I wasn't sure about this answer until I noticed that the credit templates solved the answer for me. One tenth of a shower is a full shower, and rounding up, even when the numbers would typically be rounded down is the norm.
Take the following example:
5% of 180 FTE is 9.00000 secure bicycle storage spaces require. If we add one more FTE, then 5% of 181 is 9.05, which in most minds would round down to 9. In this case however, the LEED credit calculator rounds the number up to 10 required spaces:

3 comments:

Sally said...

Oh man. This shit totally gets me off.

Kelly said...
This comment has been removed by the author.
Kelly said...

I'm working on a LEED-CS v2.0 project and when I type in the FTE information in the SSc4.2 Alternative Transportation: Bicycle Storage & Changing Rooms - Option 2, I get all sorts of wonkiness.

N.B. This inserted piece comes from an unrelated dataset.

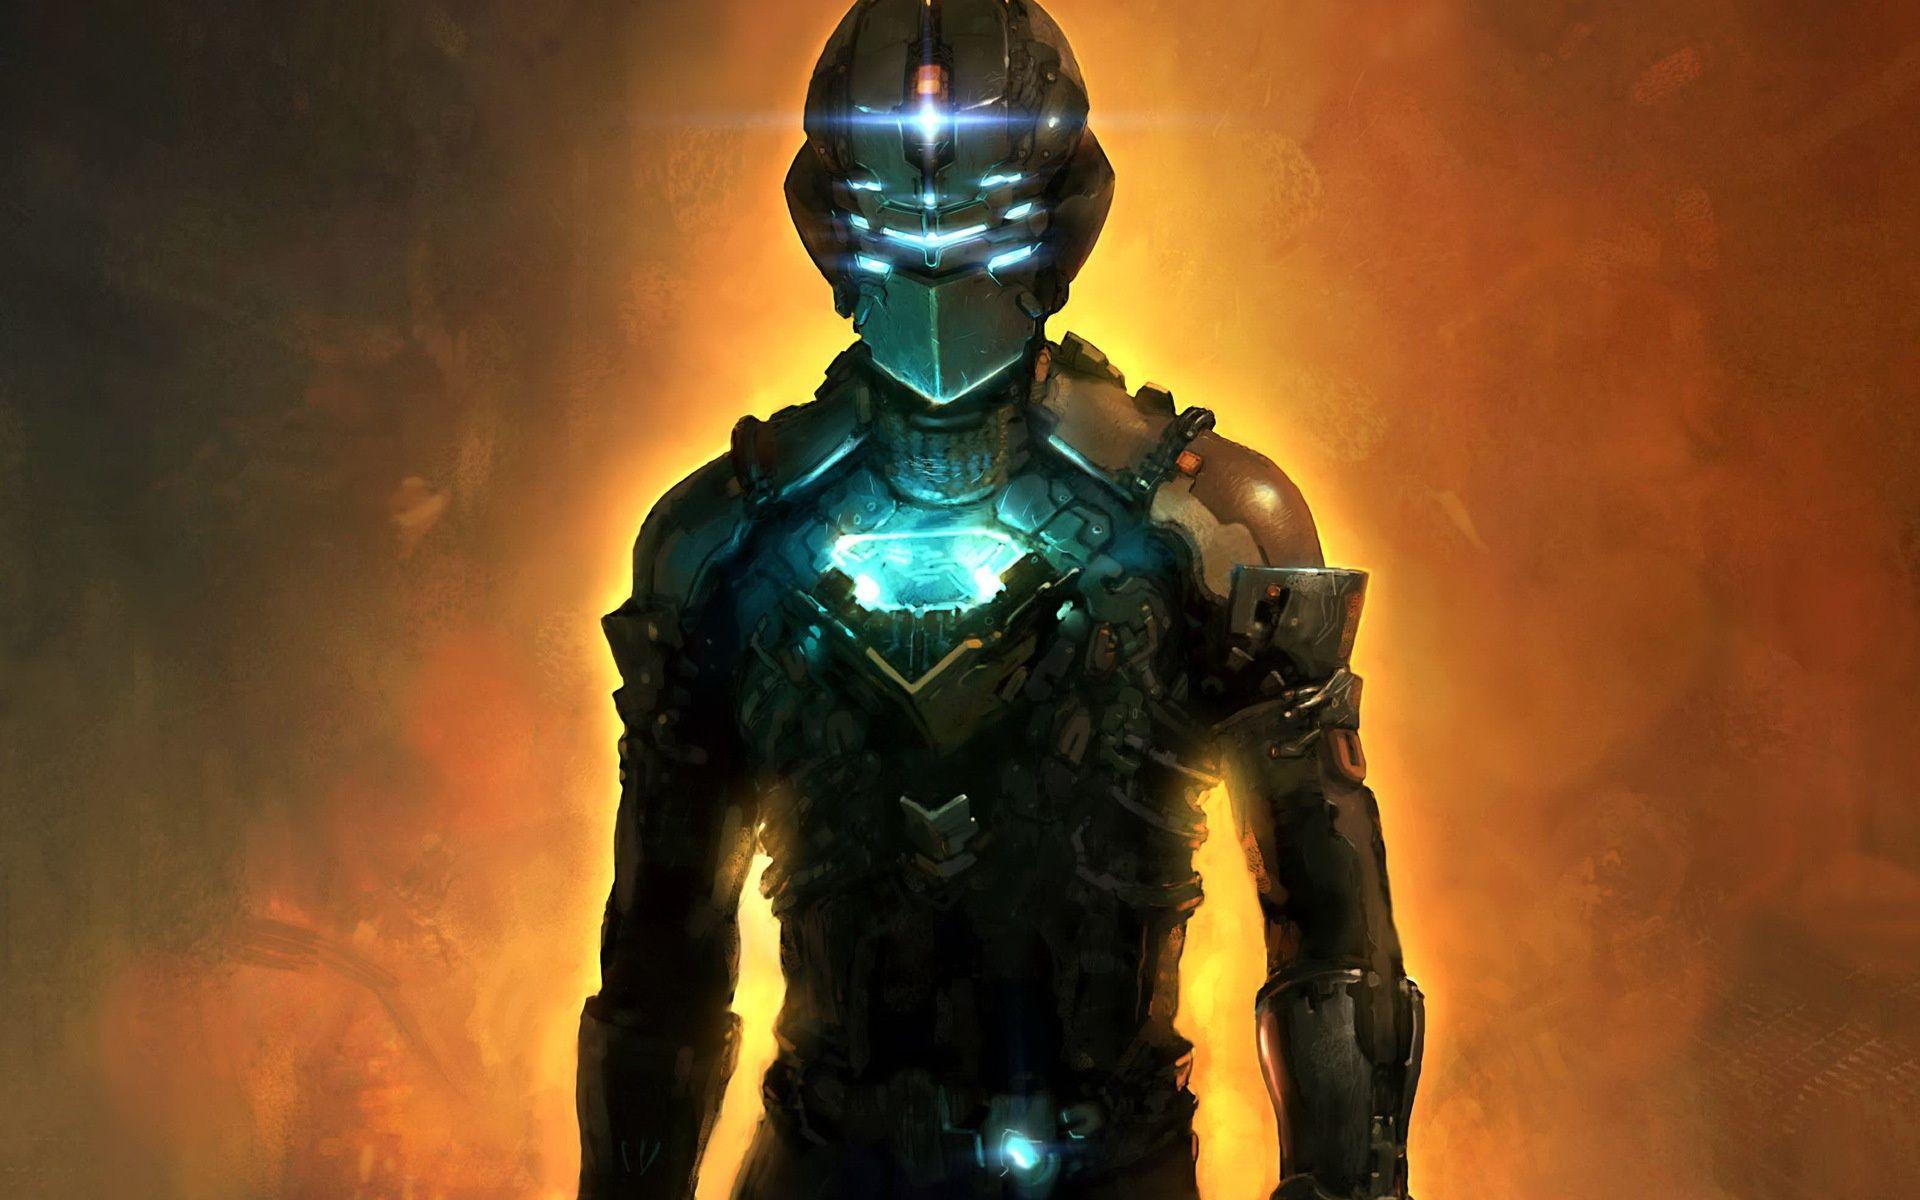 download free dead space 2 remake
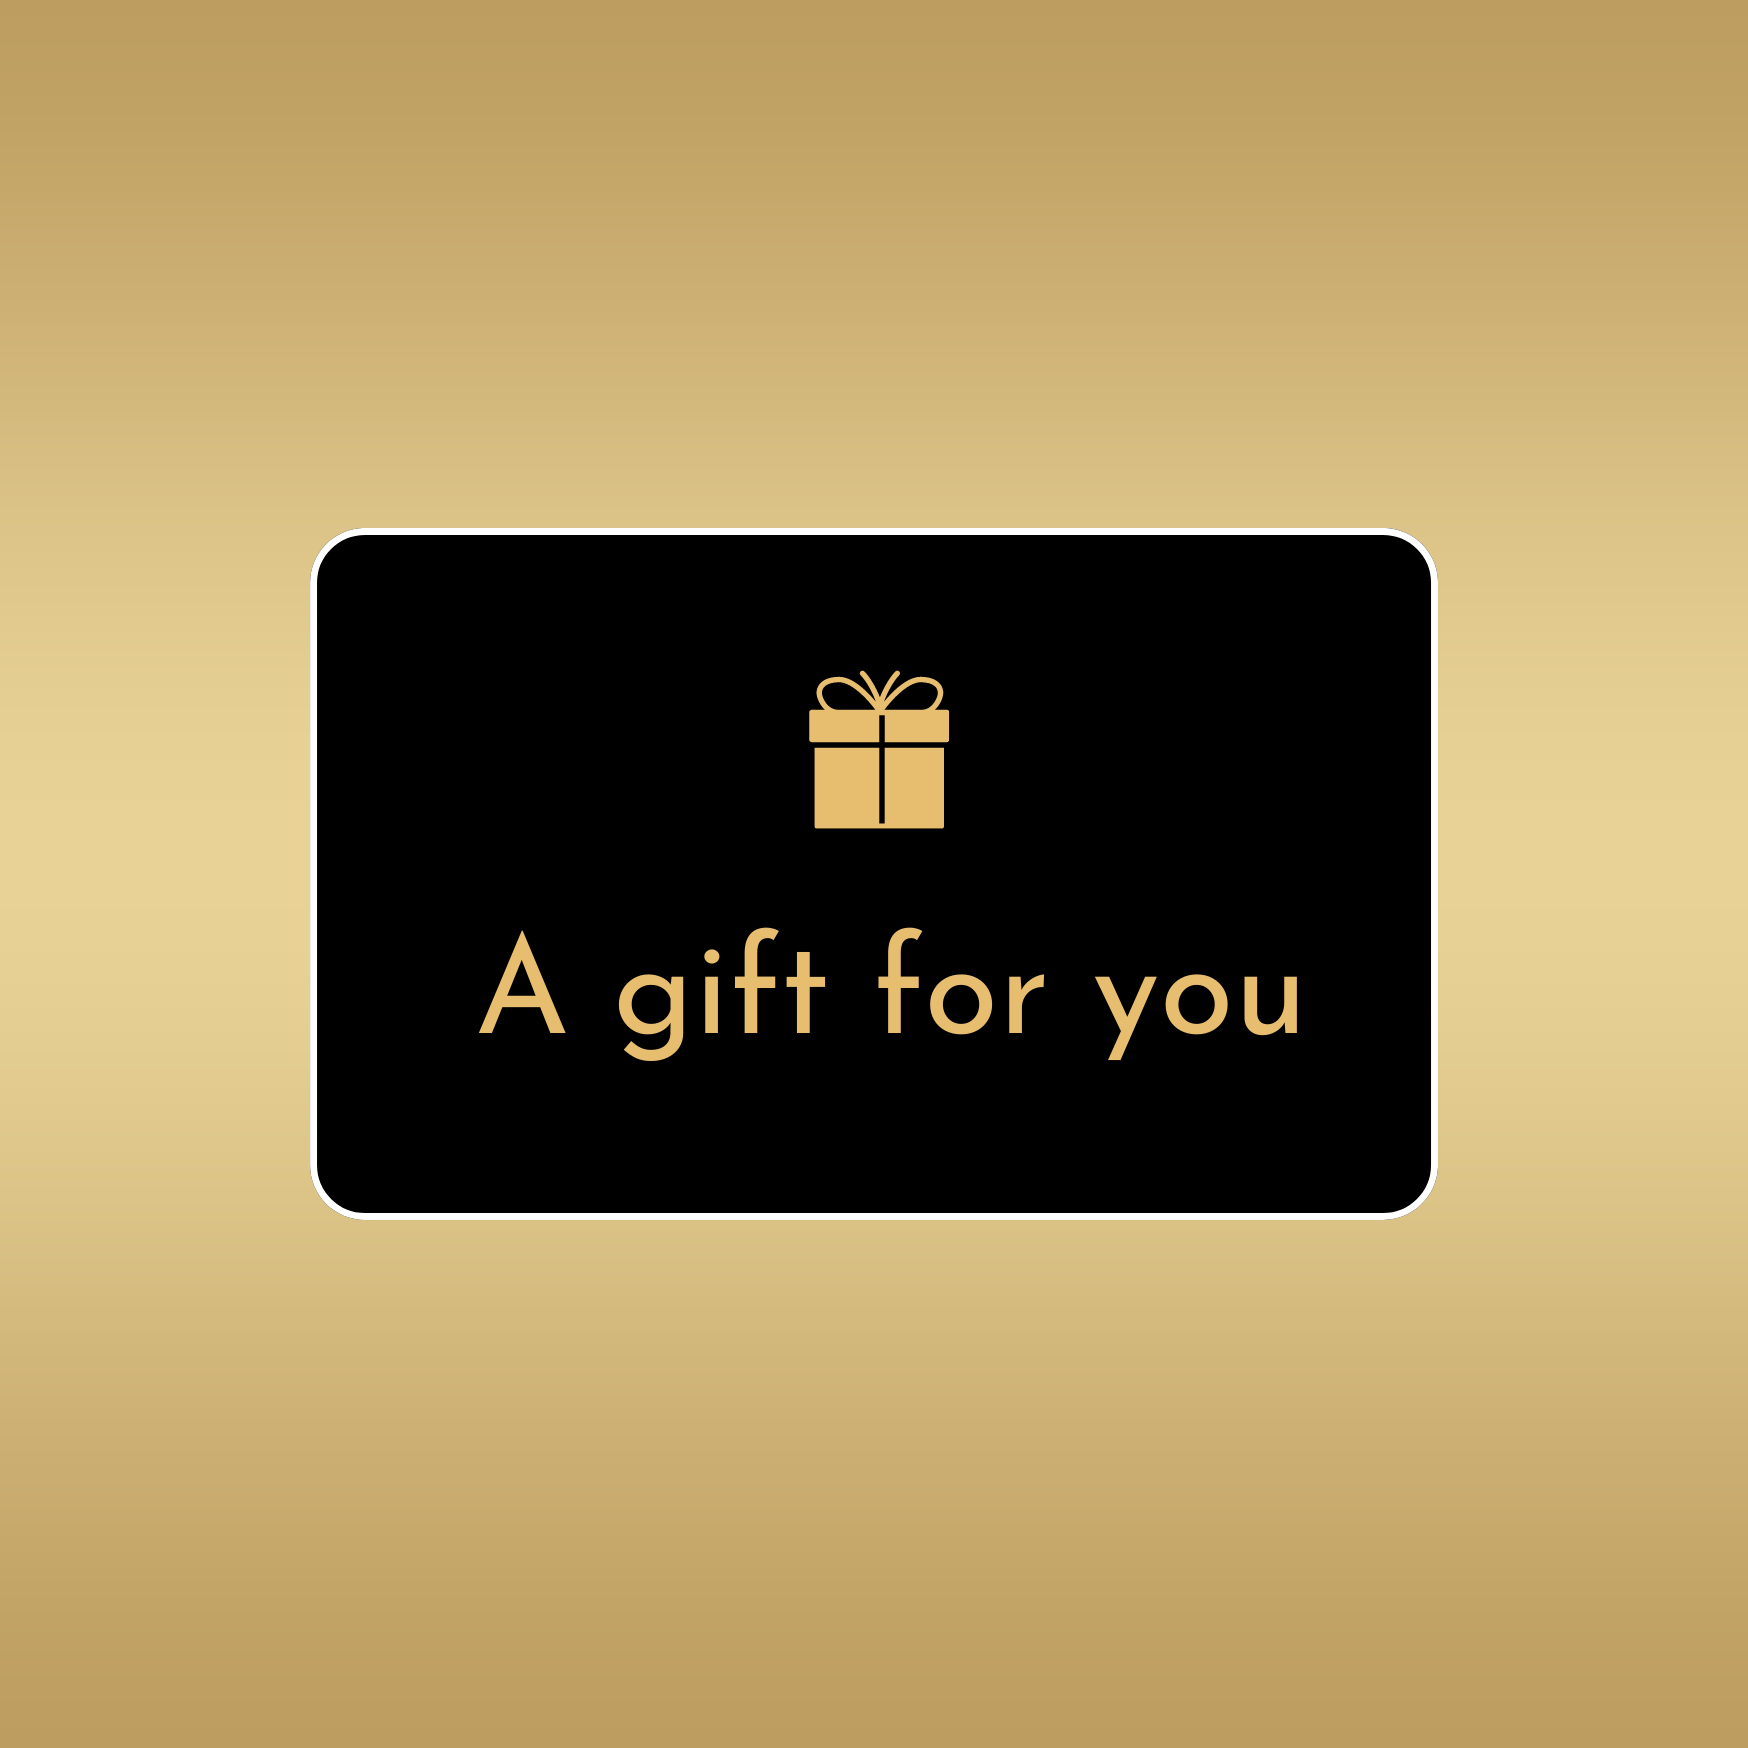 Introducing: Gift Cards

I have a 320,000 SF building with a total FTE of 1482. This breaks down into 1389 being allocated to the first 300,000 SF and 93 being allocated to the remaining 20,000SF. When I do the calcs I get 7.4 showers and 42.14 Bike storage spaces. Using the rounding up rule of LEED presented in this post, I would assume the template would have spit out 8 showers and 43 bike storage spaces. Instead it spit out - 7 showers and 45 bike storage spaces!!!! It is enough to make you think you are going crazy.

If anyone re-runs this calc and finds that I am making (most likely an excel error). Please let me know!

thanks!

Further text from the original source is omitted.